Scholars have for years not only been highly skeptical of this notion, but have also tried in vain to pinpoint an exact date when the Final Solution--that is, the expressed intent to murder every last Jew in Europe--became a reality. The books Snyder reviews, however, avoid the trap of trying to find an exact date of that decision, or the Holy Grail of Hitler research: some kind of document expressedly written or signed by Hitler that shows he ordered the murder of Jews.

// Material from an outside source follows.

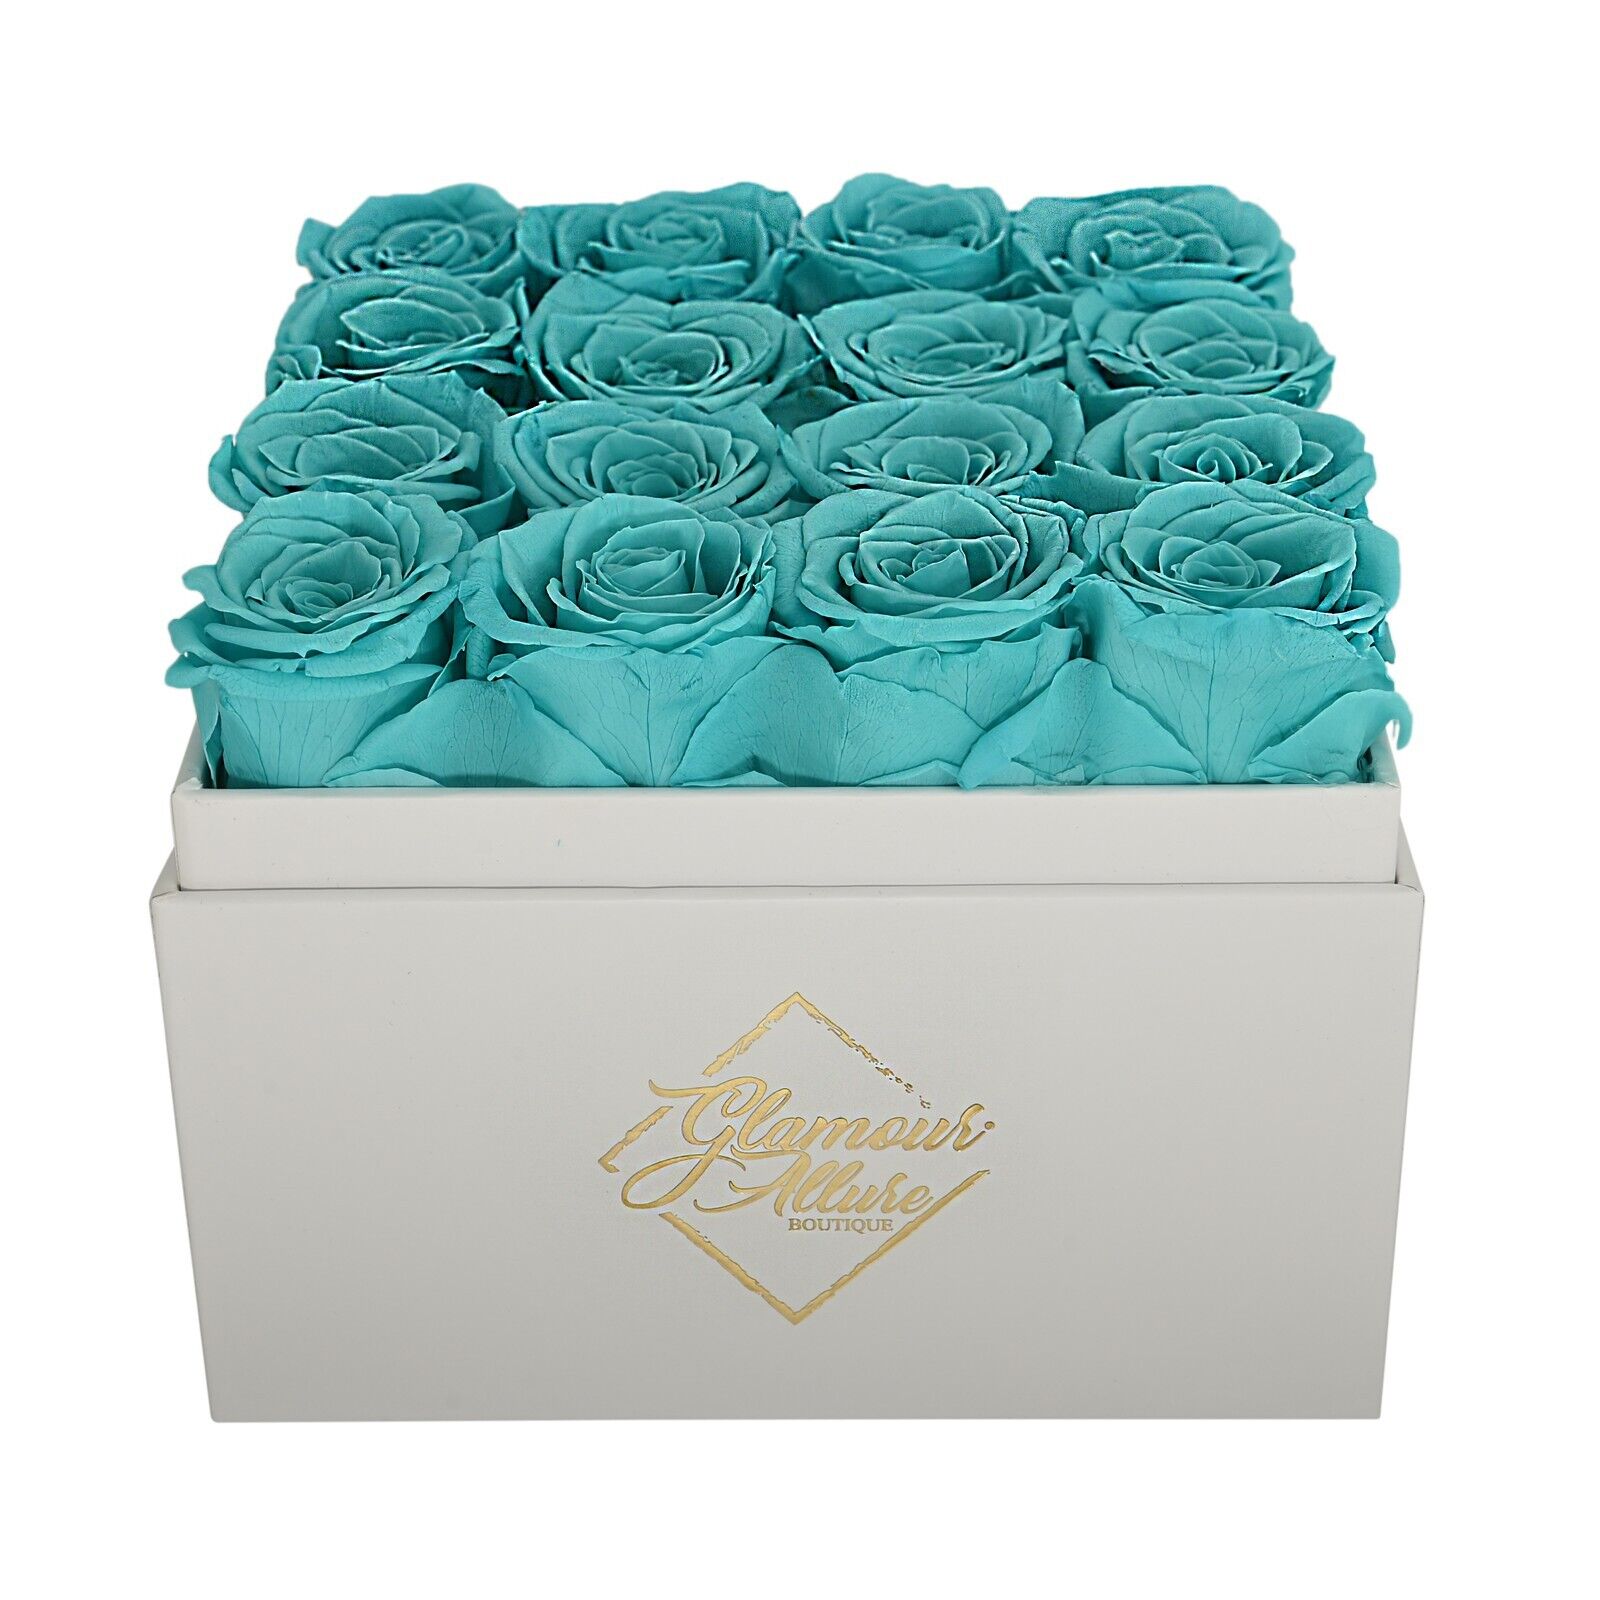 Handmade Preserved Real Roses in a Gift Box - 16 roses - Preserved Flowers Glamour Allure Boutoque - фотография #7

For the general public, this is all insignificant. Hitler was a rabid anti-semite who everyone knew premised his idealized utopia of a pure Aryan race on the willed removal of lesser races, chief among them, Jews. But it's not that simple, since, after all, the evidence of Hitler's plan for the Jews runs directly counter that. The only evidence historians do have for what to do with the Jews was Hitler's vaguely sketched out idea to send all Jews he conquered to a German-controlled part of Madagascar; and once he invaded Eastern Europe, he'd deport those millions of Jews to mainland Russia.
But, as the Holocaust books under review show, as the war changed, so did Hitler's plans. Stalin didn't want to have anything to do with the East European Jews either, which led to the infamous Wannsee conference, when Nazi officials decided--on January 20, 1942--that any Jews who fall under German rule would be killed. That decision too, Snyder writes, entirely so clear-cut, as many Nazi underlings had begun killing Jews in occupied Eastern Europe not in death camps, but in roving gas trucks or point-blank massacres.
Many worry that historical interpretations that seek to push back the date of the Final Solution, or even mention the idea that Hitler did not immediately plan to kill Jews, is blasphemy. But that's an idea based on deeply flawed logic, which runs like this: if Hitler did not making the killing of Jews a priority from his first day in power, the logic goes, then he must have never wanted to kill Jews. But that's ridiculous. Hitler could have wanted a world free of Jews--he always, in fact, did--but not envisioned death camps or gas vans. Eventually of course he did. But that grim strategy evolved after many other plans for the removal of Jews to far-away lands failed. We are not making Hitler more "humane" but saying he didn't always plan to kill Jews--becaus the fact is, he eventually knowingly did. By showing how that happens we do a much greater service to our understanding of how villains became that who they are.
Just as important, acknowledging the evolution of Hitler's anti-semitism into death camps requires an appreciation of the many other people that were required to make the Holocaust happen. To put it all on Hitler denies the massive social input required for such a human travesty. Many of Hitler's other political plans were either shelved or not enacted because they became impossible to implement, or changing circumstancess made previous aims moot. The death of the Jews required widespread complicity, from people willing to put Jews on trains to camps where everyone knew no one came back, to the legions of S.S. gaurds who went on a ruthless pursuit of Jews. Hitler may have loved the Holocaust, but don't believe he was alone in making it.